Patent publication nos. CN102423318B, CN106413721A disclose the use of chlorite for anti-inflammatory treatment of neurodegenerative diseases. Patent publication No. CN108135930A discloses the use of chlorite for the treatment of red blood cell diseases and indications mediated thereby. However, the above patents all use periodic large doses of chlorite in excess of 1000 μmol per single intravenous injection and do not consider that low doses of oral chlorite have a significant effect on nitric oxide bioavailability in humans.

Reference to the literature

Ali，Shaikh Nisar，Mir Kaisar Ahmad，and Riaz Mahmood.2017.“Sodium Chlorate，a Herbicide and Major Water Disinfectant Byproduct，Generates Reactive Oxygen Species and Induces Oxidative Damage in Human Erythrocytes.”Environmental Science and Pollution Research 24(2)：1898-1909.https：//doi.org/10.1007/s11356-016-7980-7.

Ali，Shaikh Nisar，and Riaz Mahmood.2017.“Sodium Chlorite Increases Production of Reactive Oxygen Species That Impair the Antioxidant System and Cause Morphological Changes in Human Erythrocytes.”Environmental Toxicology 32(4)：1343-53.https：//doi.org/10.1002/tox.22328.

Benford，D.J.，F.Hill，P.Jackson，J.C.Larsen，and J.-C.Leblanc.2009.“ACIDIFIED SODIUM CHLORITE.”In Safety Evaluation of Certain Food Additives and Contaminants，edited by Food and Agriculture Organization of the United Nations and World Health Organization，3-54.

Elstner，E F.1991.“Oxygen Radicals-Biochemical Basis for Their Efficacy.”Klin.Wochenschr.69：949-56.

Hu，Zhuangli，Juan Chen，Qin Wei，and Yong Xia.2008.“Bidirectional Actions of Hydrogen Peroxide on Endothelial Nitric-Oxide Synthase Phosphorylation and Function.”Journal of Biological Chemistry 283(37)：25256-63.

https：//doi.org/10.1074/jbc.m802455200.

Searles，C D.2006.“Transcriptional and Posttranscriptional Regulation of Endothelial Nitric Oxide Synthase Expression.”Am J Physiol Cell Physiol 291(5)：C803.

Stocker，Roland，Annong Huang，Erin Jeranian，Jing Yun Hou，Tina T.Wu，Shane R.Thomas，and John F.Keaney.2004.“Hypochlorous Acid Impairs Endothelium-Derived Nitric Oxide Bioactivity through a Superoxide-Dependent Mechanism.”Arteriosclerosis，Thrombosis，and Vascular Biology 24(11)：2028-33.

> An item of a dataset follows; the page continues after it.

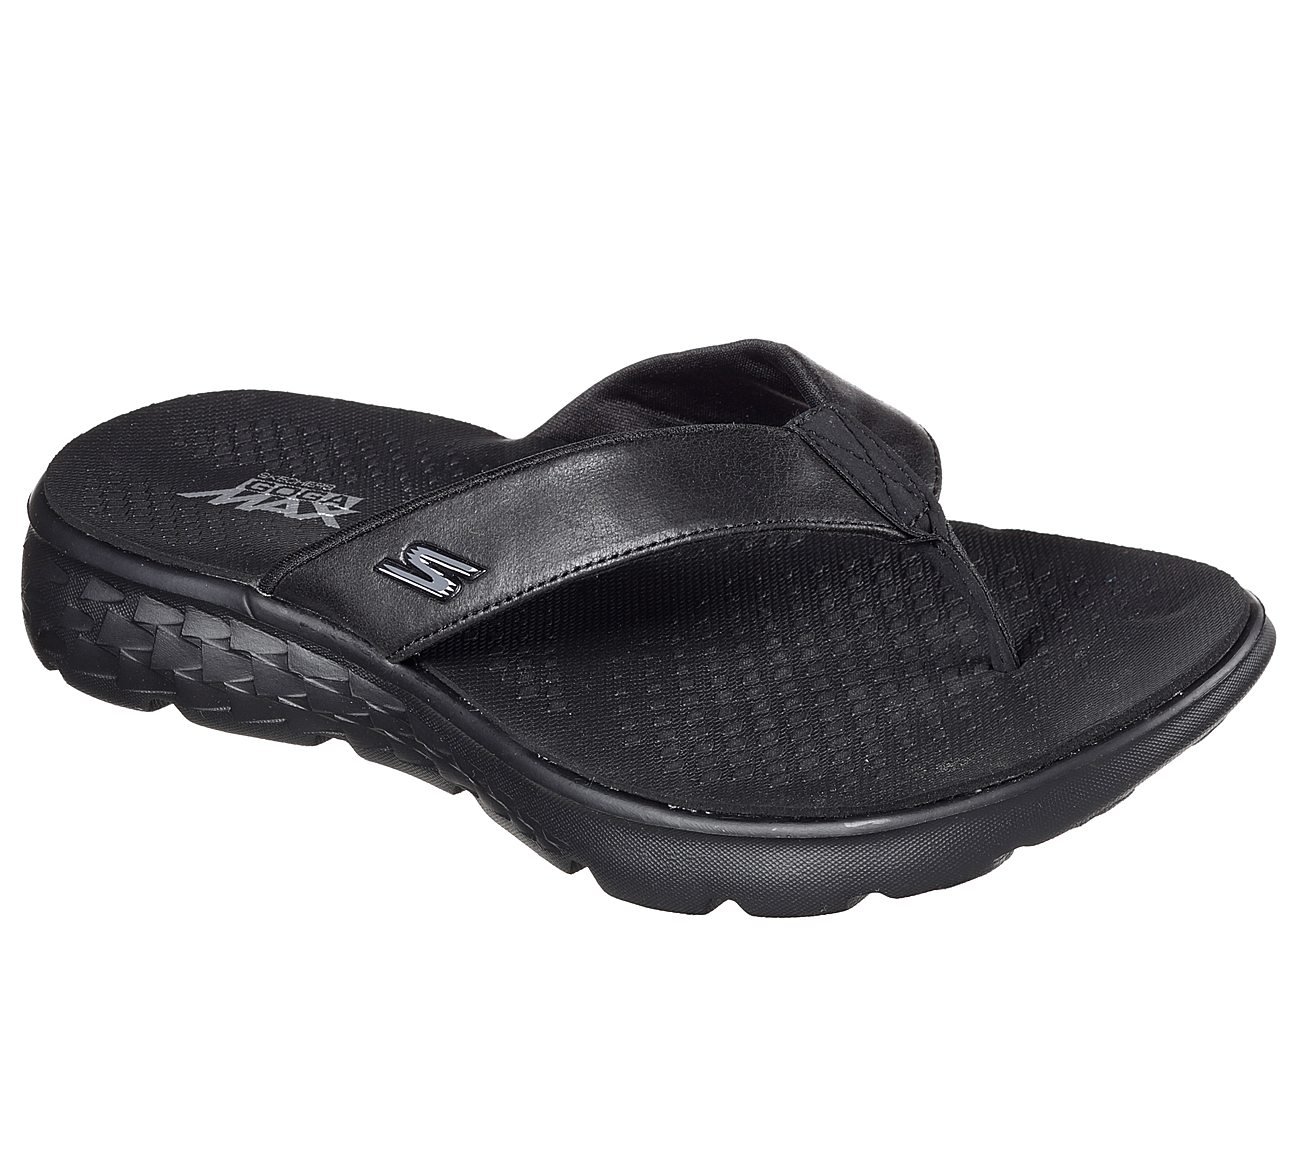 ON-THE-GO 400 - VISTA, BBLACK Footwear Lateral View

https：//doi.org/10.1161/01.ATV.0000143388.20994.fa.

Thomas，Shane R.，Kai Chen，and John F.Keaney.2002.“Hydrogen Peroxide Activates Endothelial Nitric-Oxide Synthase through Coordinated Phosphorylation and Dephosphorylation via a Phosphoinositide 3-Kinase-Dependent Signaling Pathway.”Journal of Biological Chemistry 277(8)：6017-24.https：//doi.org/10.1074/jbc.M109107200.

Petr.2015.“Electrochemical Series.”In CRC Handbook of Chemistry and Physics，edited by Williams M L.，96th ed.，5-80-5-89.CRC PRESS.

Youngman，R J，G.R.Wagner，E F Elstner，and F W Kühne.1985.“Biochemical Oxygen Activation as the Basis for the Physiological Action of Tetrachlorodecaoxide(TCDO).”Zeitschrift Fur Naturforschung-Section C Journal of Biosciences 40(5-6)：409-14.

https：//doi.org/10.1515/znc-1985-5-621.

Disclosure of Invention

The present inventors have found that chlorite or polymer-loaded chlorite can significantly increase the nitric oxide production rate of endothelial nitric oxide synthase in endothelial cells, red blood cells and epithelial cells.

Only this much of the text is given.